A new meaning to ‘roll up the rim’. /SEAN CONWAY
I watched a supper hour television news broadcast where the topic of discussion was Manitoba’s crumbling infrastructure. The news feature focused on potholes.
There was a plug from CAA Manitoba to enter Manitoba’s Worst Roads survey. Their website commentary says, “It’s more important than ever to vote in Worst Roads and help make infrastructure an issue in the upcoming provincial election.”
I didn’t need a rash of asphalt blisters as evidence of crumbling infrastructure. The municipal garbage can in the picture has greeted me for the past five weeks at the bus stop of my morning commute. The residence that face this eye sore surely have heard the slogan roll over the rim or was it roll up the rim?
I pondered knocking the refuse container over and spilling the contents into the street. My thought at the time was, if I empty the can into the street, the city would come and clean it up. After careful consideration two reasons came as a deterrent to my contemplated action.
First, the civil disobedience of knocking over garbage cans is something I left behind in my youth. I had learned a hard lesson growing up. You got away with very little in a small town. Someone saw Mrs. Conway’s boy up to know good and when she learned about it, believe me, I paid for my transgression.
The second discouragement is the construction of the curb side garbage receptacles. The design of the concrete constructed municipal refuse containers keeps them well anchored to the ground from their sheer weight. A hernia or severe back strain was in order if I attempted to spill the can.
Instead of physical action I mulled over some cerebral solutions while waiting.
Reading a commuter paper there was mention of Take Pride Winnipeg Litter Index. The article suggested the city is messier this year than last year.
The Take Pride Winnipeg website content is stale with only 2015 content.
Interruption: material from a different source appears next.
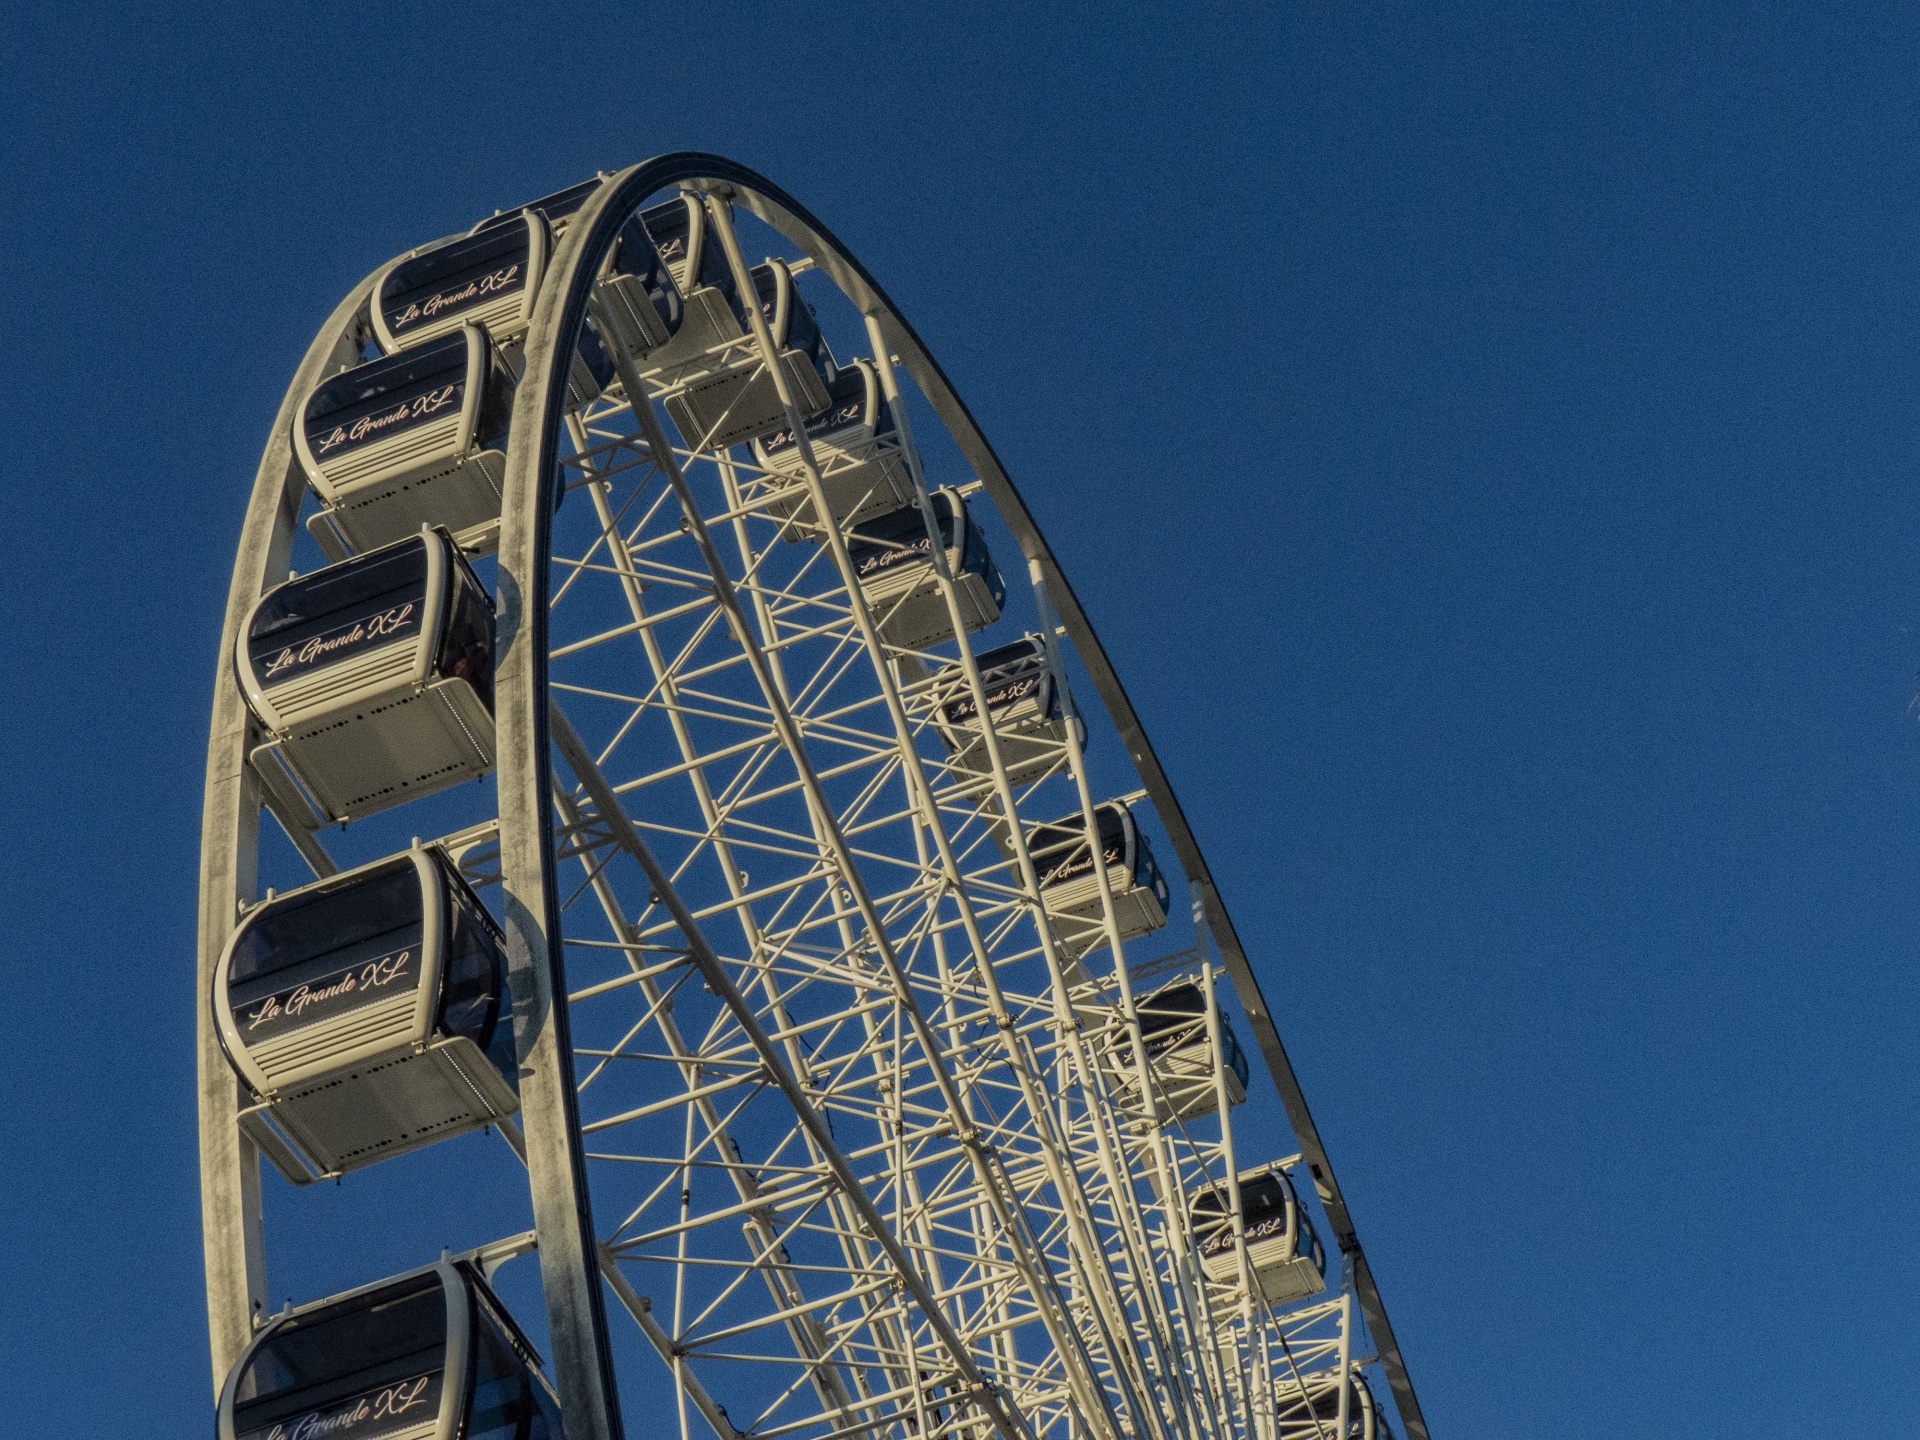 Enclosed car Ferris wheel against a clear blue sky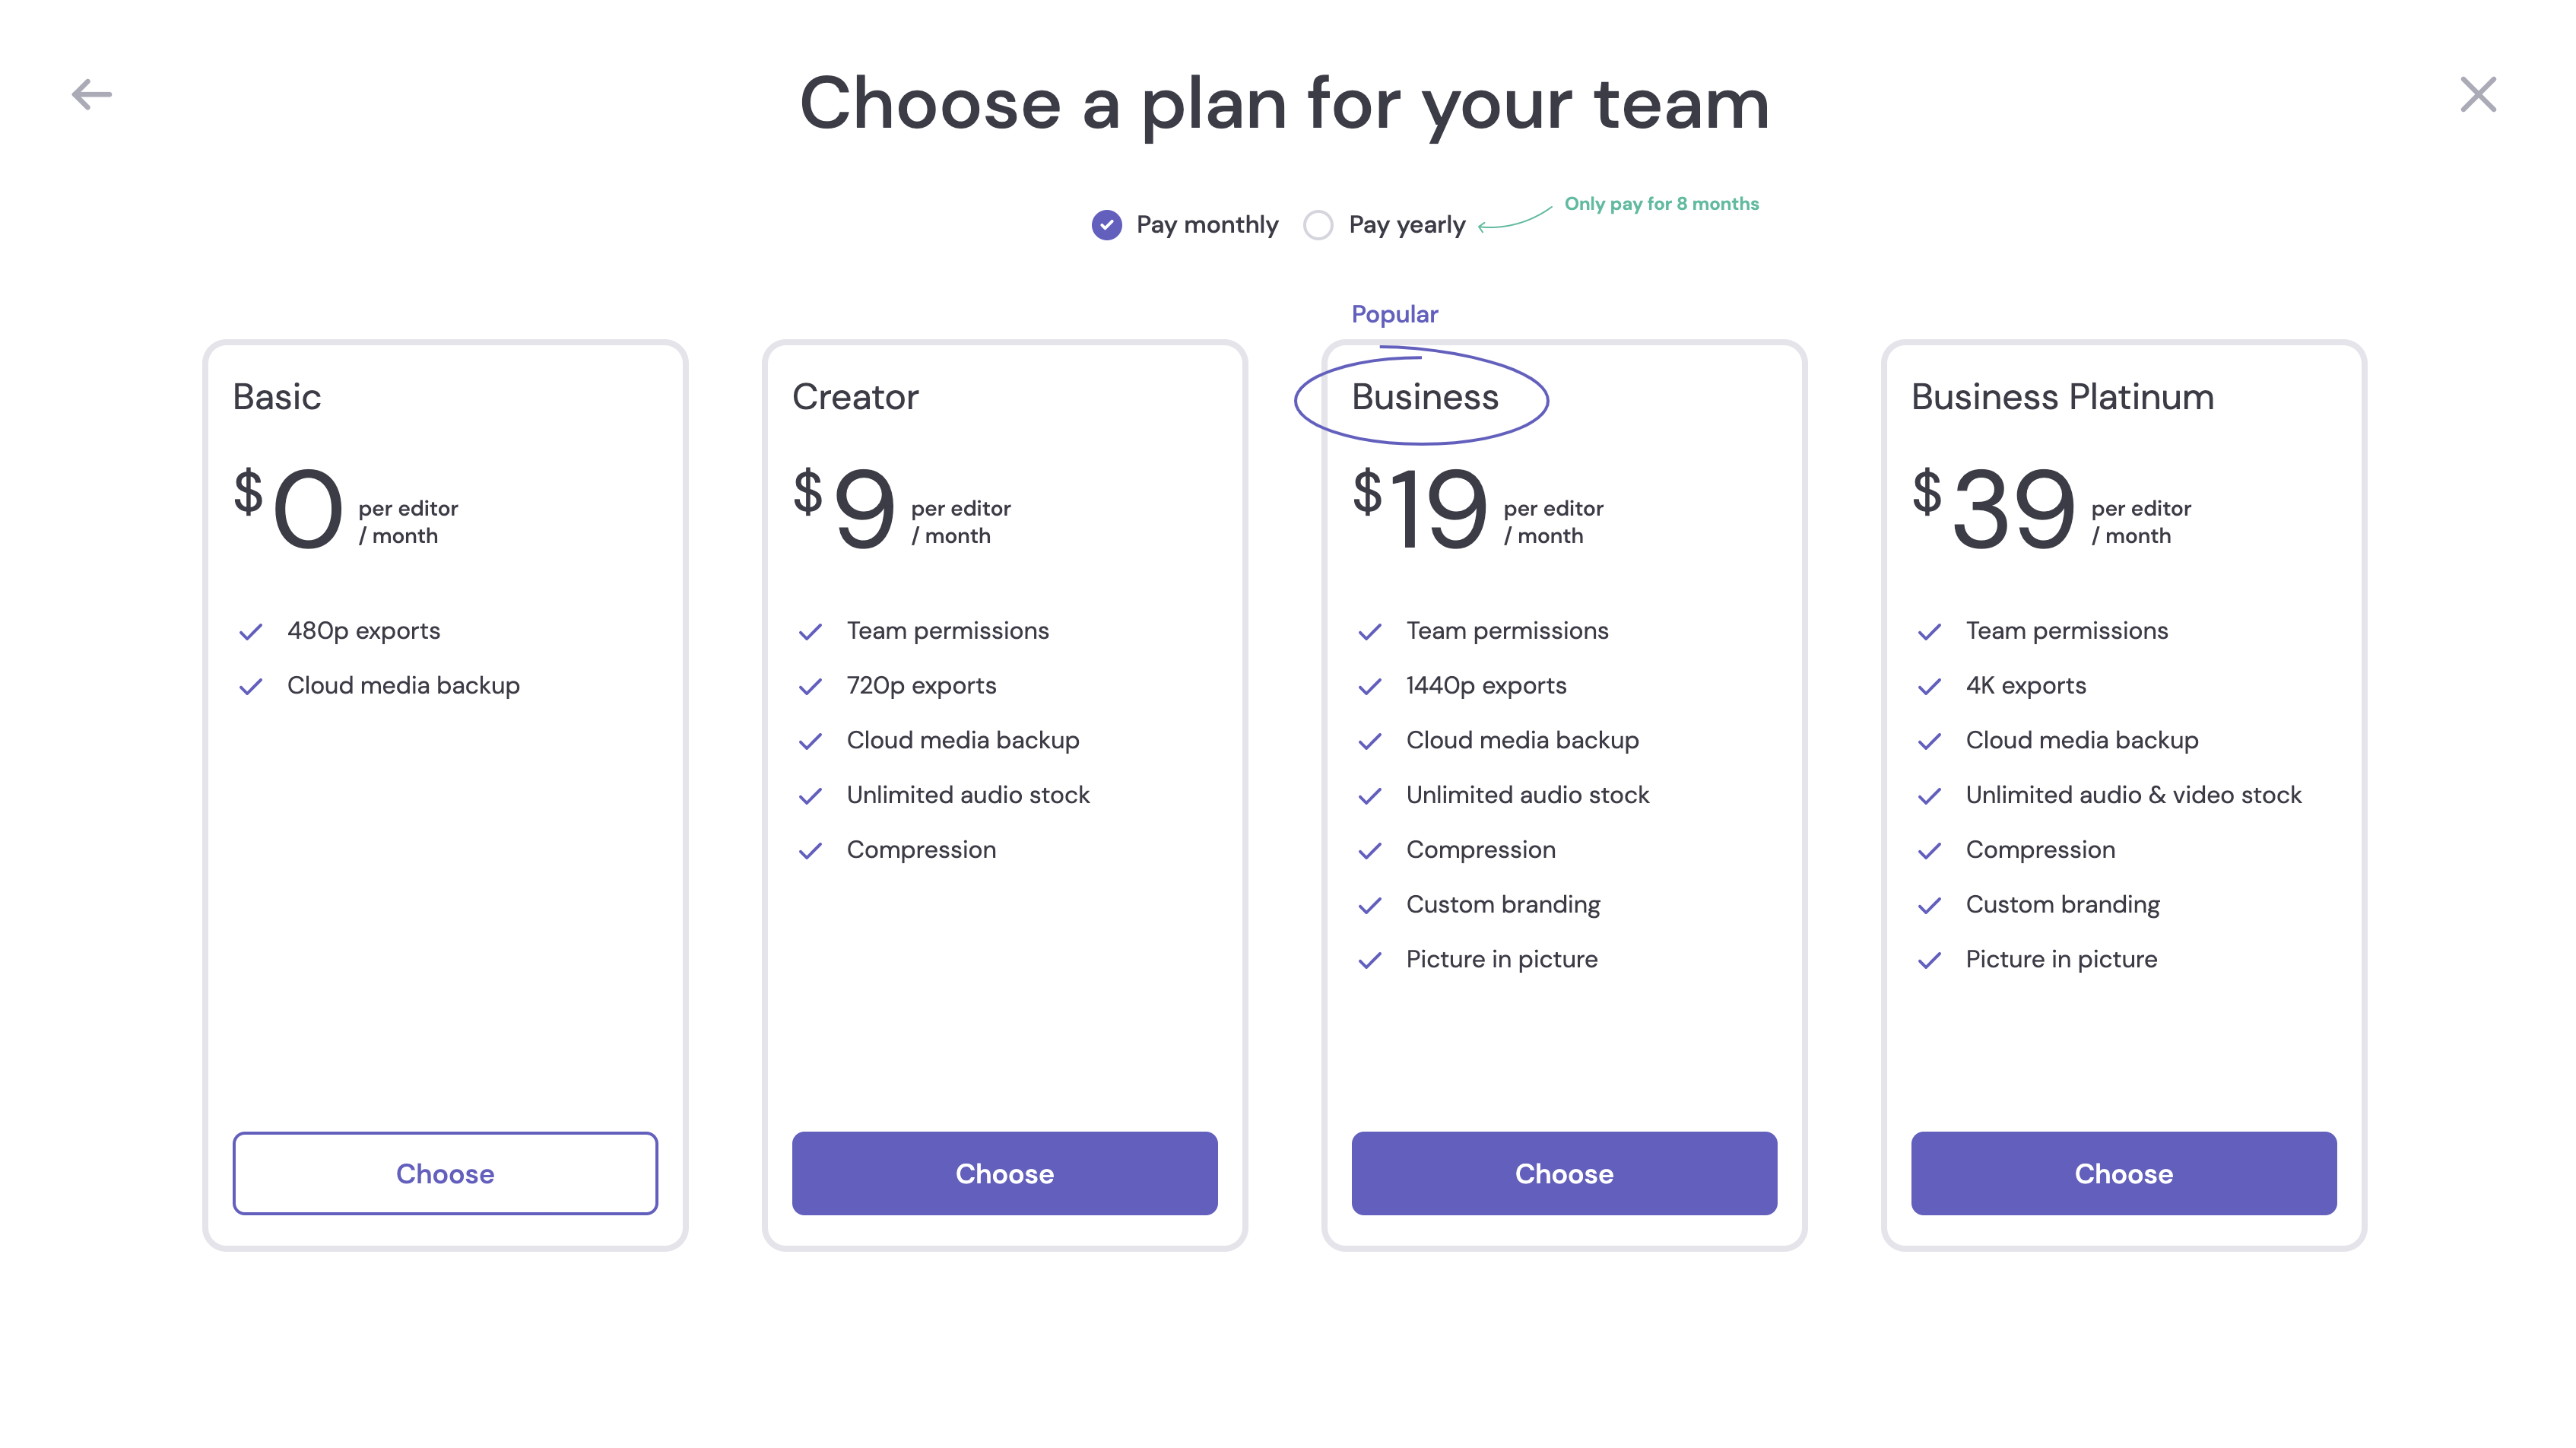 Team plans pricing (per editor, per month). Basic $0. Creator $9. Business $19. Business Platinum $39.

Seems not only the garbage cans have been left unattended. Like tulips I guess the site maintainers haven’t yet poked their heads above the ground for 2016 season.
Here’s a thought: use municipal garbage cans that can be emptied by the same resource that collects residential garbage. I figured I was being impatient. Maybe next week there was a crew scheduled to empty the can.
It was a good thing my bus came. My next thought was to create a pothole filling, garbage collection vehicle funded by Dragon’s Den. Who knows what I would have thought of after that idea?